In this scenario, I don't think it matters whether the secure BGP 
session also carries other AFI/SAFIs.

The privacy properties of this scenario are pretty good, in theory, but 
I don't think they are really good enough for distributing secret keys.

- Once you're using BGP to distribute information, it is inevitable that 
someone will decide to remove the "NO_ADVERTISE" and allow the 
information to be propagated through intermediate nodes (RRs or ASBRs) 
to the actual target node.  After all, one of the main values of using 
BGP to distribute stuff is that you get a big distribution system.  Even 
if all the intermediate nodes are trusted and all the intermediate BGP 
sessions have adequate privacy/integrity/authentication, you still 
wouldn't want to expose the secret keys to those nodes.  You might trust 
those nodes to see all the routing information, and even to see most of 
the management information, but you probably don't want them to see all 
the secret keys.  And you probably don't want the secret keys stored in 
the clear on those intermediate nodes.

- I would worry about BGP monitoring procedures creating a backdoor 
through which the secret keys would be exposed.

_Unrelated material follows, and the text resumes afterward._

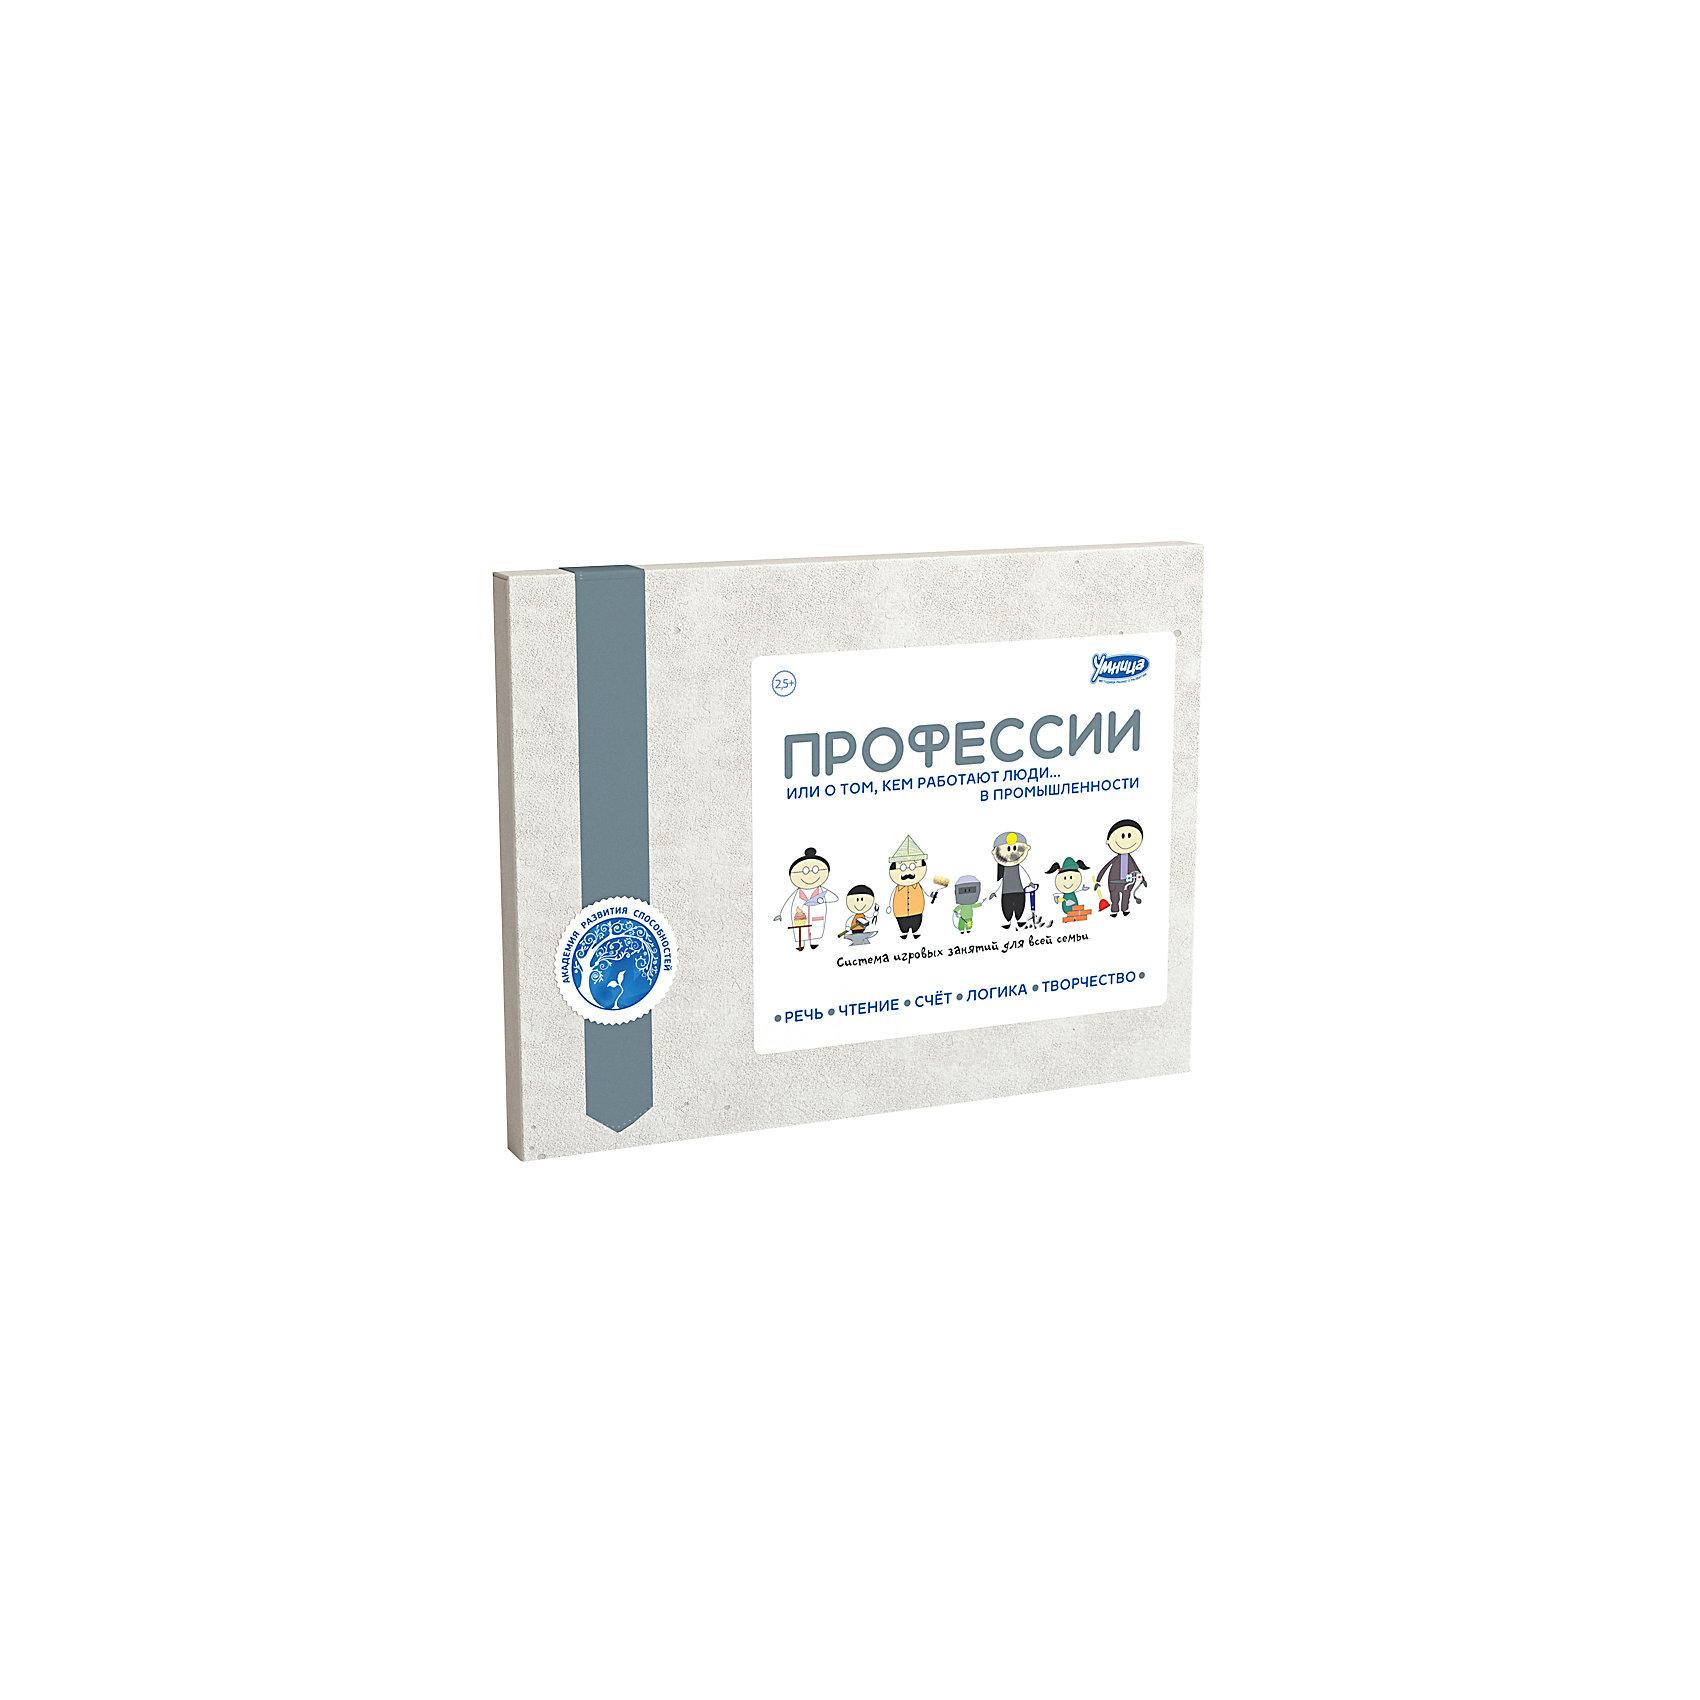 Настольная игра Профессии: НаукаУмница<br>Характеристики:<br><br>• Вид игр: обучающие, развивающие<br>• Серия: Развивающие книги<br>• Пол: универсальный<br>• Материал: картон, бумага<br>• Комплектация: 3 книги о профессиях, набор карточек с буквами и цифрами, комплект игровых фишек<br>• Тип упаковки: картонная коробка<br>• Размеры упаковки (Д*Ш*В): 30,5*23,5*28 см<br>• Вес в упаковке: 1 кг 240 г<br><br>Книга Профессии: Наука состоит из 3 книжек, в которых приведено описание рода занятий людей, занятых научными исследованиями и изобретениями. Каждая профессия сопровождается иллюстративным материалом и текстами. Текстовая часть приведена в сжатой форме и адаптирована для детей дошкольного возраста. Дополнительно в комплекте предусмотрены рекомендации для родителей. <br><br>Книга Профессии: Наука выполнена по типу комплексной методики: она содержит в себе не только обучающий материал (порядка 100 занятий), но и задания для закрепления пройденного материала. Занятия с данной книгой позволят расширить словарный запас слов, обогатить кругозор вашего ребенка и повысить уровень его эрудиции.<br><br>Книгу Профессии: Наука можно купить в нашем интернет-магазине.<br><br>Ширина мм: 305<br>Глубина мм: 235<br>Высота мм: 280<br>Вес г: 1240<br>Возраст от месяцев: 36<br>Возраст до месяцев: 2147483647<br>Пол: Унисекс<br>Возраст: Детский<br>SKU: 5523177

- No matter how careful you are, when you use BGP you can be pretty sure 
that your UPDATEs will end up somewhere they're not supposed to go.  
It's just too easy to make mistakes.
So I don't think I'd try to do dynamic keying by attaching the actual 
keys to BGP UPDATEs.  At most I'd use BGP to distribute parameters that 
could then be used by something like IKEv2 to actually fetch the secret 
keys.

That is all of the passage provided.